Marilyn has had ties with Malawi, including sending a group of Girl Scouts with sports equipment on a visit and connecting with three Malawian Catholic priests, who studied at Gonzaga.

“It’s important to try to know other people’s cultures, thoughts and religions.  We are all one under God,” she said.

While the Whitworth Auxiliary was Presbyterian women when it began in 1912, Dorothy Dixon, who was daughter of the founder and secretary at Central Christian Church, invited Marilyn to the Silver Tea fund raiser in the early 1970s and asked her to join.  Since then it became ecumenical.

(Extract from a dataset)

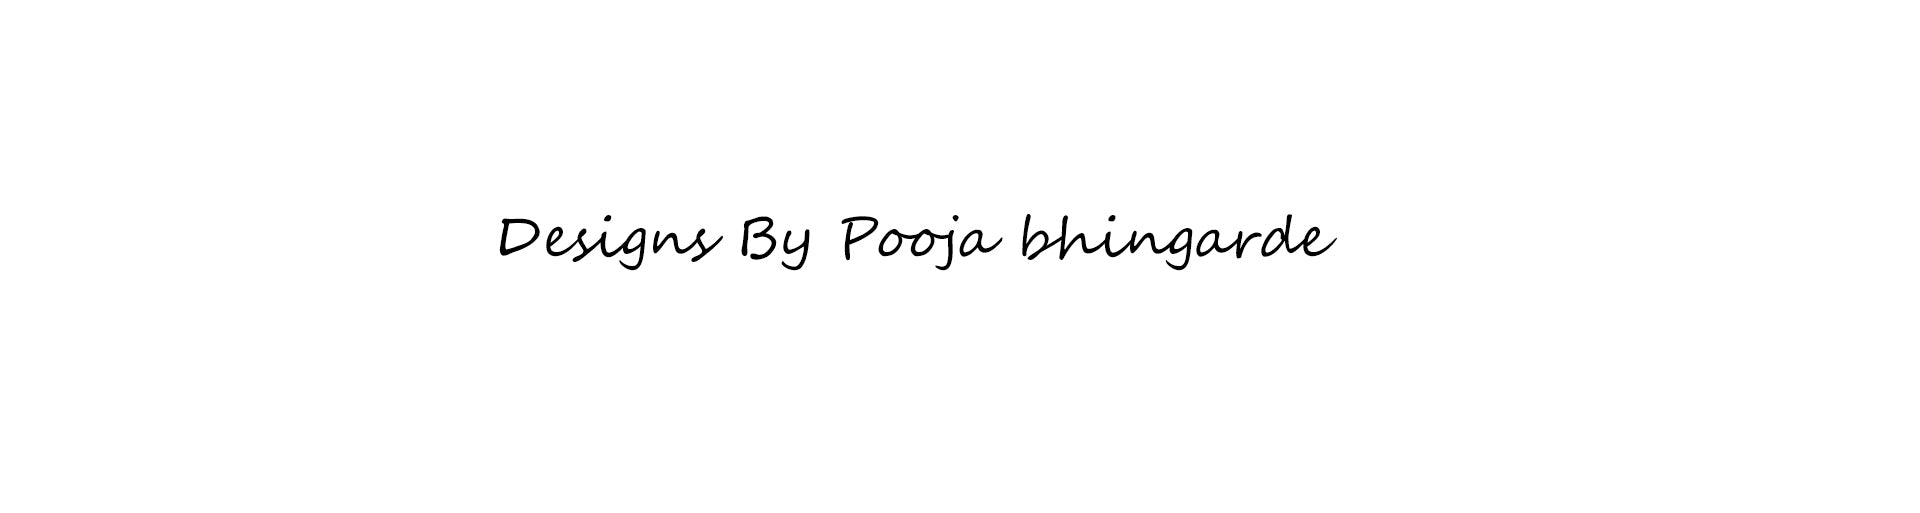 Pooja bhingarde

The auxiliary supports international students, helps paint and make curtains for residence halls, and tunes the pianos in the halls, among many activities.

Marilyn appreciated its role in funding international students. She befriended several international students.

For many years, she and Dale read to preschool children.  She read to children at the Bethel African American Church’s preschool for 10 years until it closed. 

She also read with preschoolers at St. Charles’ Catholic and the Hearts & Rainbows Preschool at Bethlehem Lutheran Church on S. Ray.  Dale has read at St. John Vianney’s preschool.

Marilyn grew up in Central Christian Church downtown on Third and Stevens, until the freeway came through. 

It moved to 57th and Palouse Hwy., and became Covenant Christian Church. More than 10 years ago, the church sold the building and moved to 57th and Regal. 

Still a Disciples of Christ congregation, it recently changed its name to Origin Church, in the woods at 5115 S. Freya.

Through the years with the church, she taught Sunday school, was president of the board and was involved in the women’s fellowship.

Her memorial service was June 1. Family have requested that people “bless” their favorite charity with gifts in her name.